- Born: 1794 Mâcon, France
- Died: 1875 (aged 80–81) Venezuela
- Occupation: Publisher

= Antonio Damirón =

French-Venezuelan printer

Antonio Damirón (1794–1875) was a French-Venezuelan printer. Damirón was born in Mâcon, France and established a printing business in Venezuela, where he lived the rest of his life. He is considered to be one of the leading printers in Venezuela in the 19th century, and is attributed with creating the first color prints in Venezuela.

==Career==
Damirón moved with his family from Saint Thomas to Caracas in 1827, where he quickly received a letter of security to reside in Venezuela.

In 1830, he acquired from Colonel Francisco Avendaño a lithograph workshop located in the port of La Guaira where he began printing colored decks or cards on wooden planks. These were considered as the first colored prints made in Venezuela. By 1831 he acted as representative in charge of the G.F. Devisme printing press, which was selected to print the Gaceta de Venezuela. In 1832 he moved his lithograph printshop to Caracas where he continued to print colored cards which were sold domestically as merchandise imported from Spain.

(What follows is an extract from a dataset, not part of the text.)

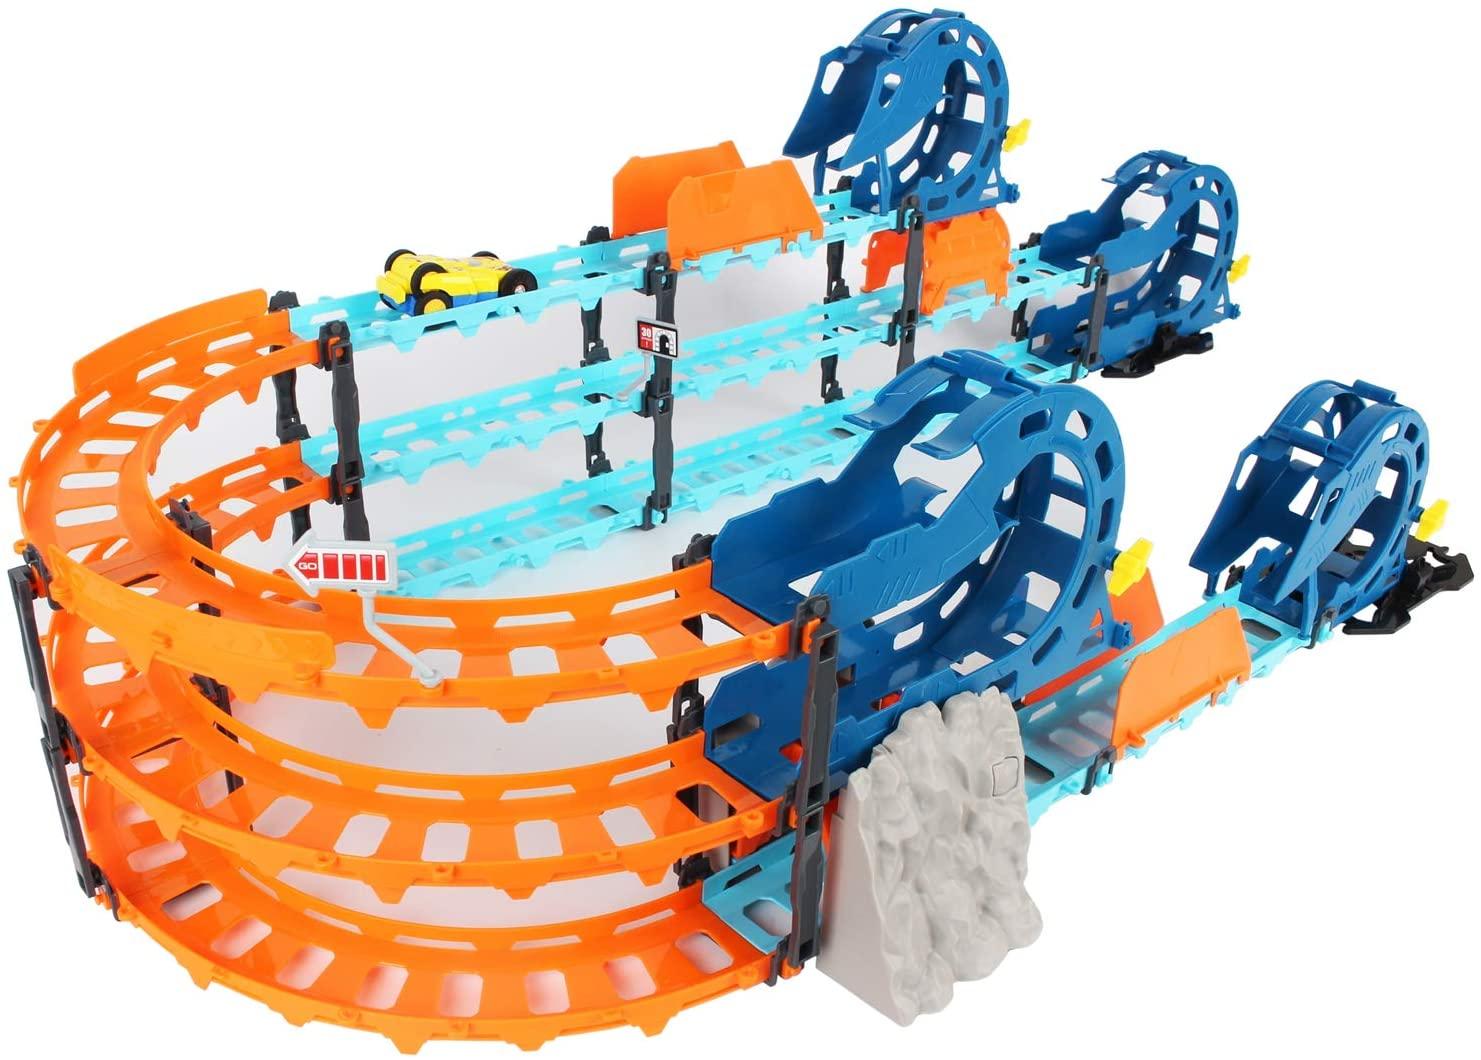 FeiWen Racing Track Car Toys-84PCS Electric Rail car Racing Track Set,Educational Toy Set Children Gift Children's Toys 3-6 Years
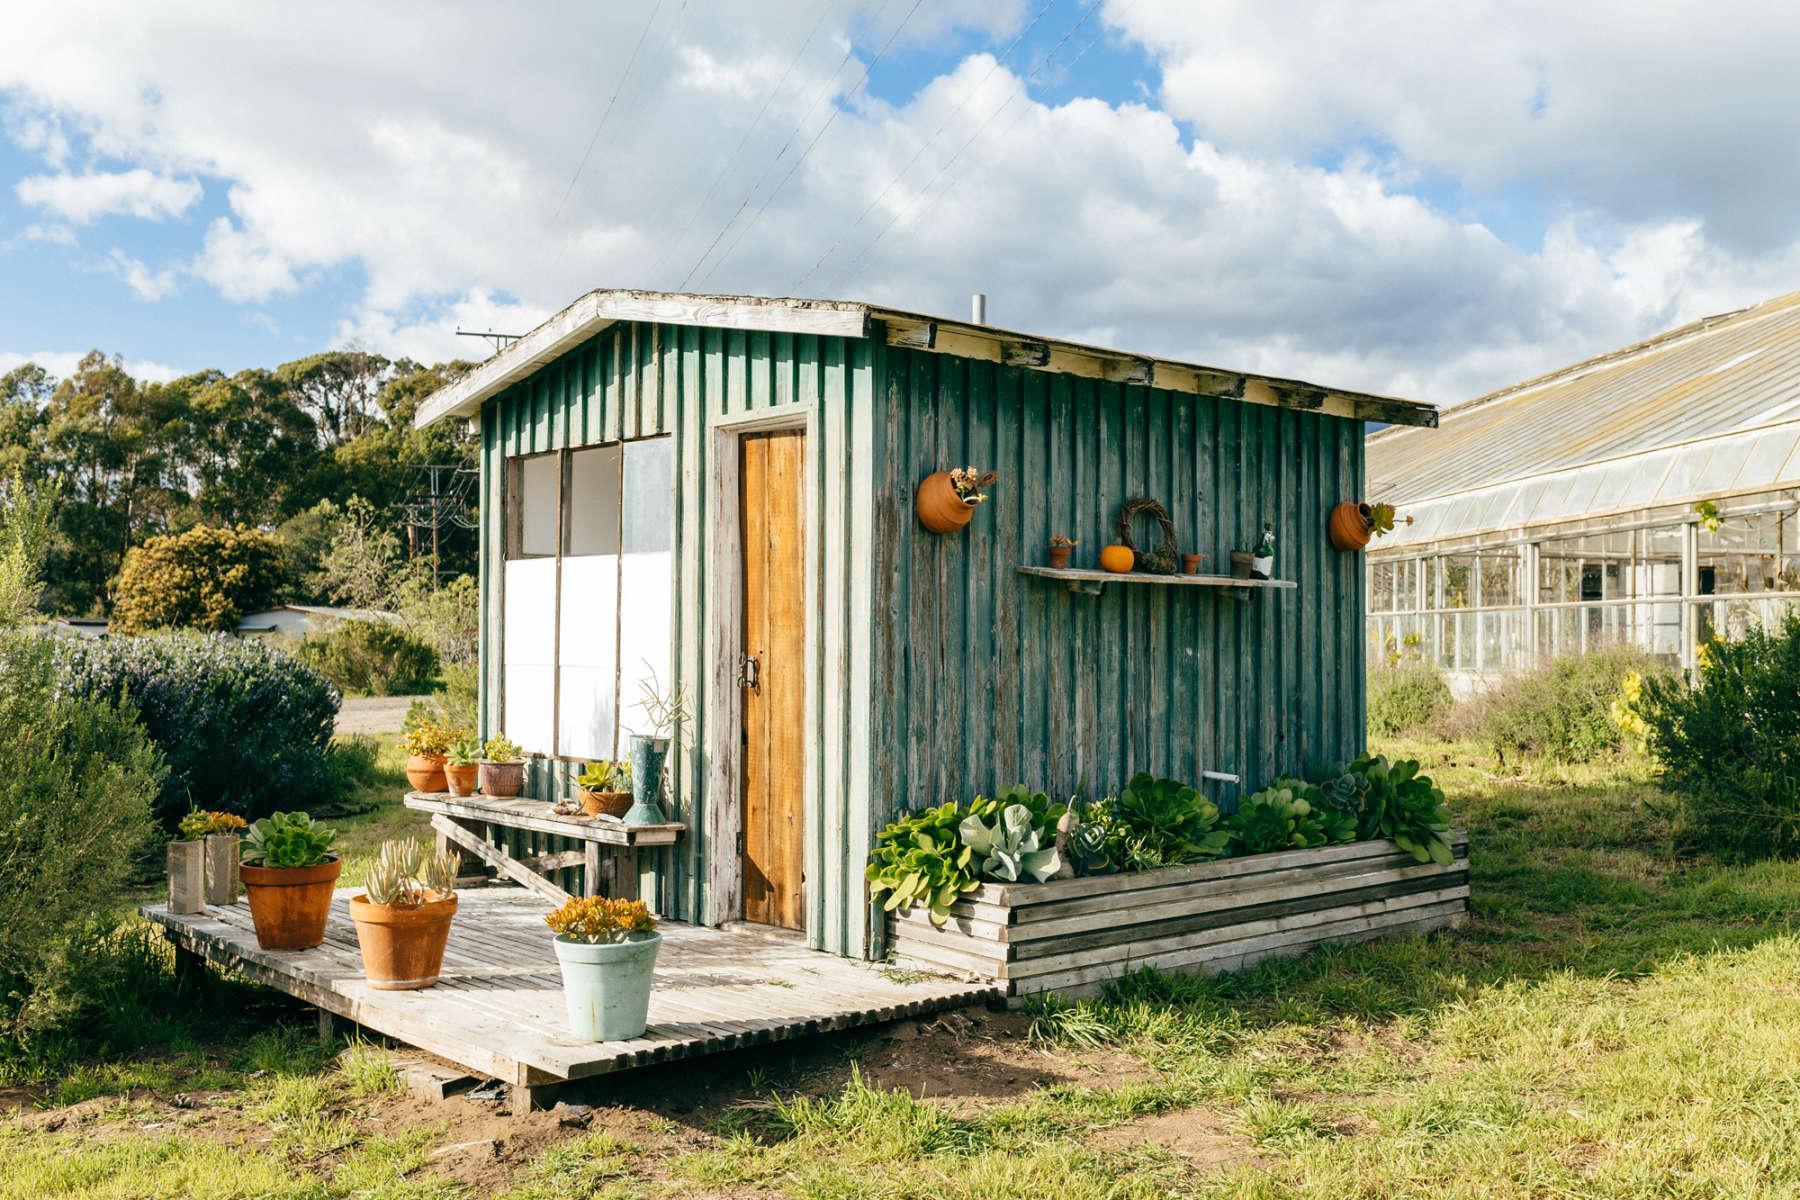 Private Beach Farm, Private Beach Farm, CA: 81 Hipcamper reviews and ...

He also published the newspaper El Nacional (1833–1841), and other Venezuelan newspapers, including El Censor, (1836-?) Un Militar Retirado (1833), and El Republicano (1834–1835).

==Retirement==
In 1843 he sold his business to the German publisher Muller and Stapler, and retired to his estates in Miranda. Towards the end of his life, Damirón donated some of the land from his estate to create the municipality of Democracia.